How do you make a fancy dish from dirt?

How do you make a fancy dish from dirt?

Since it opened in 2012, Actinolite, a small restaurant on Ossington near Dupont, has evolved from a neighbourhood bistro into a high-concept tasting room. Chef and owner Justin Cournoyer makes biweekly foraging trips into the wilderness around Toronto, seeking out herbs, berries, lichen and, oddly enough, soil. Using an hours-long process developed by former sous chef Michael Lehmkuhl, Cournoyer distills the tastes and scents of the earth into butter, which he uses for the opening dish of his seven-course tasting menu. Here’s how he does it.

How do you make a fancy meal out of dirt?
(Image: Jenna Marie Wakani)

Foraging
Chef Justin Cournoyer hits various spots north of the city—including his hometown, Actinolite—to search for wild ingredients. The best dirt? The stuff that includes pine needles and lots of decaying organic matter.

(Image: Jenna Marie Wakani)

Extracting
The soil is placed in a pressure cooker, mixed with water and boiled at 120 degrees Celsius for around 45 minutes. This sanitizes the dirt, since botulism spores can survive standard boiling. It also extracts the soil’s flavours.

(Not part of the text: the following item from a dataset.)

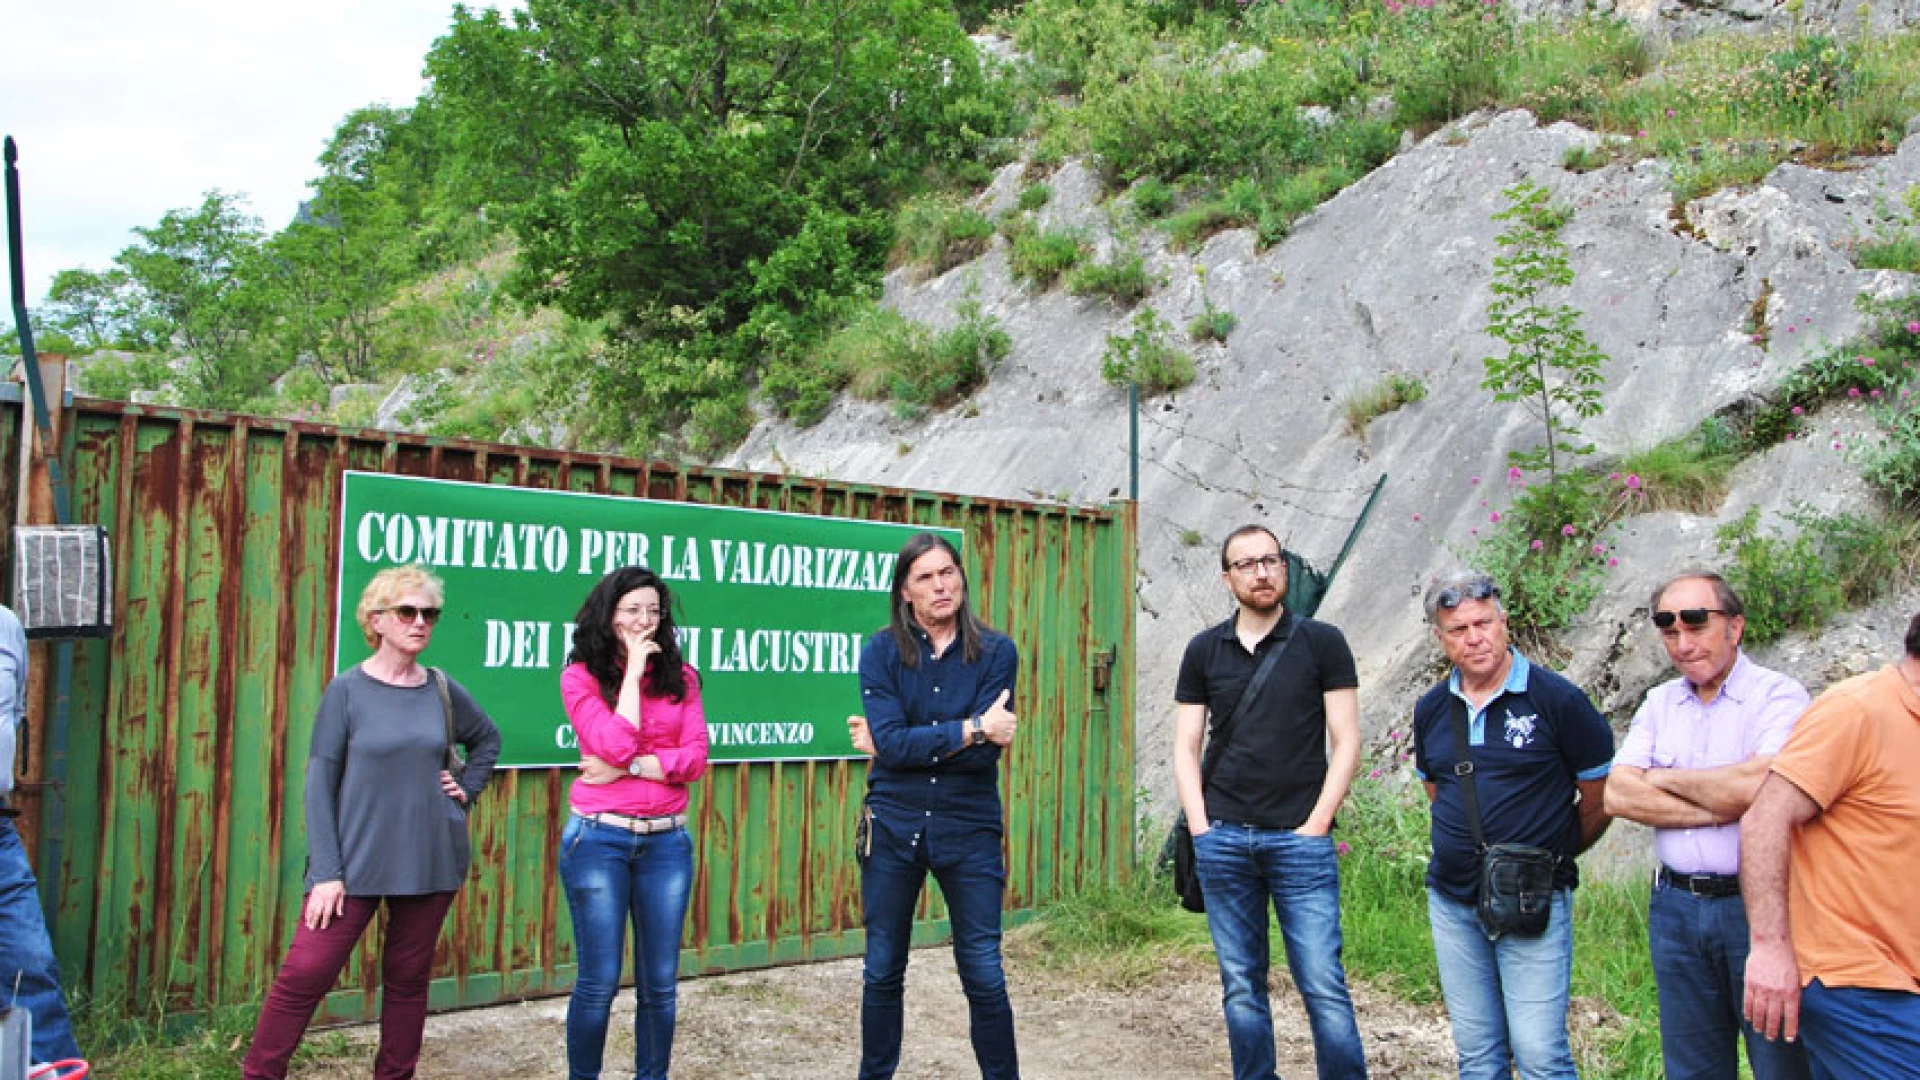 Castel San Vincenzo: la mobilitazione del comitato per la valorizzazione  dei rifiuti lacustri continua. Sabato 3 giugno protesta pubblica in prossimità del campeggio.

(Image: Jenna Marie Wakani)

Straining
The boiled material is strained and then left to decant overnight. This allows any sediment that may have passed through the strainer to settle. The soil particles are set aside, and the liquid is placed into a large pot.

(Image: Jenna Marie Wakani)

Reducing
The strained liquid is reduced by half to concentrate its flavour, which usually takes around an hour and a half (Cournoyer calls the resulting liquid a “tea”). As the liquid reduces, Cournoyer skims off any impurities that rise to the surface. “It’s a classic sauce-making technique,” he says.

(Image: Jenna Marie Wakani)

Dehydrating
Meanwhile, soil particles obtained from the straining process are spread out on a tray and baked for four to six hours, at around 200 degrees Fahrenheit, until they are completely dry.

(Image: Jenna Marie Wakani)

Bagging
Cournoyer places the dehydrated soil into a porous sachet and ties it off.

(Image: Jenna Marie Wakani)

Infusing
The sachet of soil is placed into a vacuum pack with unsalted butter. The ratio is two pounds of butter for each pound of soil. The pack is cooked sous vide at 85 degrees Celsius for around four hours, which allows flavours that haven’t yet been extracted from the soil to infuse into the butter.

(Image: Jenna Marie Wakani)

Super-reducing
The reduced liquid (from step four) is strained and decanted again, and then poured into a smaller pot to be reduced even further. The resulting quarter cup of soil “essence” has the consistency of a glaze. The smell is sweet, and the taste is vaguely reminiscent of cocoa. “It would be interesting to make fudge with it,” Cournoyer says.

(Image: Jenna Marie Wakani)

Whisking
The infused butter is poured into a bowl (the separated milk solids are not included), and the concentrated soil essence is whisked into it. Depending on the taste and texture, Cournoyer sometimes adds a bit of silt obtained from the final decanting process. Once the butter has emulsified, it’s ready to use. “You see how much work you do to get so little?” Cournoyer says. “It’s like liquid gold.”

(Image: Jenna Marie Wakani)

Plating
As the first course in his seven-course tasting menu ($85), Cournoyer serves the soil butter with seasonal vegetables (currently: new potatoes, raw carrots, baby onions and foraged purslane and chickweed). He adds a dusting of salt and breadcrumbs—both infused with grass oil and grass pulp.